The rest hasn't changed. Identifiers 2.0 is just a clarification
(or sanctioning of existing practice), and it filled in some gaps
left open by the old spec (comparison of IVOIDs with stop characters,
mainly). I'd say stability over 10 years isn't at all bad for
something to do with computers.
> Also, forcing an "a priori" declaration in the VO registry of any HiPSes
> just for having an identifier is probably not a good idea for three reasons:
> 1) We have the risk to have a lot of "prototype" HiPS VO registrations -
> never maintain after (as we had with cone search resources at the beginning
> of the VO)
In the creatorDID scheme above the only thing that's in the registry
is a record for the creator (aladin in the example above), probably
an organisation. Those don't hurt, and as said above, they're really
necessary for uniqueness.
For test purposes, you could still register ivo://CDS/hips-testing
(and forgoe uniqueness guarantees for HiPSes having that as Registry
part in their creator DID).
> 2) I'm not sure that all HiPS providers will agree.

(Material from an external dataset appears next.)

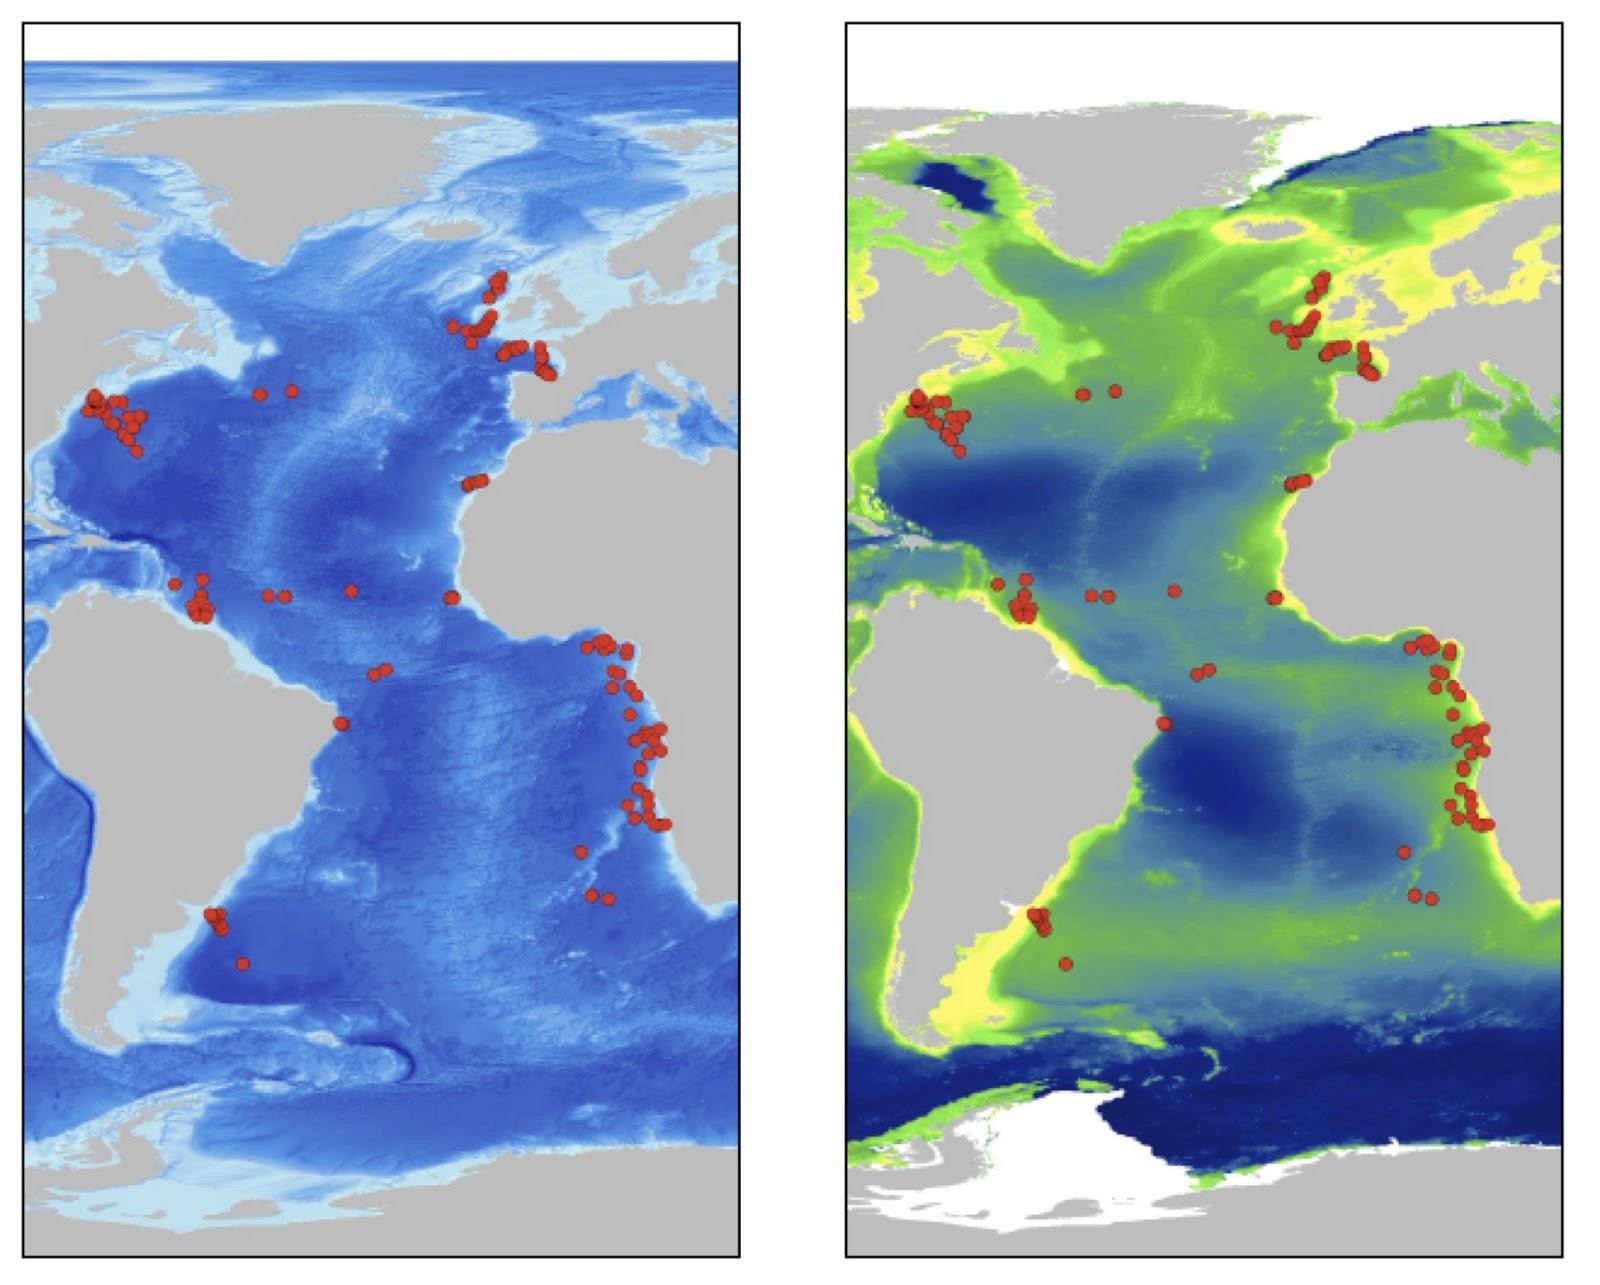 Mostly Open Ocean Deepsea Diversity - Map showing ocean depths

That's a larger problem, but they'll have to agree to register their
id somewhere if you want to maintain uniqueness. Why not use what's
already there?
> 3) The granularity of the VO registry is probably not always adapted in such
> HiPS cases (cf below)
[actually, above, now, because I first wanted to answer the questions]
Oh, the granularity matters for discovery, but not for identification
purposes. For that, I believe the creatorDID scheme above is as good
as anything you'd invent just for HiPSes.
> So to avoid jamming the HiPS standardization process and the deployment of
> the HiPS aware codes, we prefer to use another HiPS identification mecanism,
> no longer based on IVOID:
> 1) The publisher_did in the HiPS properties record (HiPS metadata file) will
> be now optional and no longer used for identifying the HiPS
If you want to use that id to un-dupe responses from several servers
then, yes, that is exactly what you should do.
> 2) The HiPS internal unique identifier will be now built by the
> concatenation of publisher_id et obs_id without the ivo:// prefix
Well, the publisher id could (and, to control uniqueness, probably
should) be an ivoid. Then use a ? to concatenate it with the obs_id
as you propose, and presto, you have an ivoid, the uniqueness of
which is guaranteed by the Registry (in front of the question mark)
and the creator (after the question mark).
Nice, clean, no extra work required. What's not to like?
Call that "internal identifier" a creator DID, and you're smack in
the middle of the VO mainstream.
> 3) We are modifying the various codes and data impacted by this evolution
> (Hipsgen.jar, Hipsgencat.jar, Aladin V9, Aladin Lite, MocServer, and some
> various scripts)
> 4) I will send a memo to all HiPS actors for upgrading their codes and
> synchronize their HiPS data according to this evolution (notably the mirror
> actions should be suspended amongst the HiPS sites for avoiding dupplication
> until the situation is again cleaned.
If you're still convinced you have to go into all that trouble,
please let's have a quick chat on the phone -- I think there's not
terribly much you need to do to get your use cases covered without
having to invent new tech.
Cheers,
Markus
[1] Approximately; I'd wager with PR-20040621 it's essentially been
there, though I've not really, formally, checked it.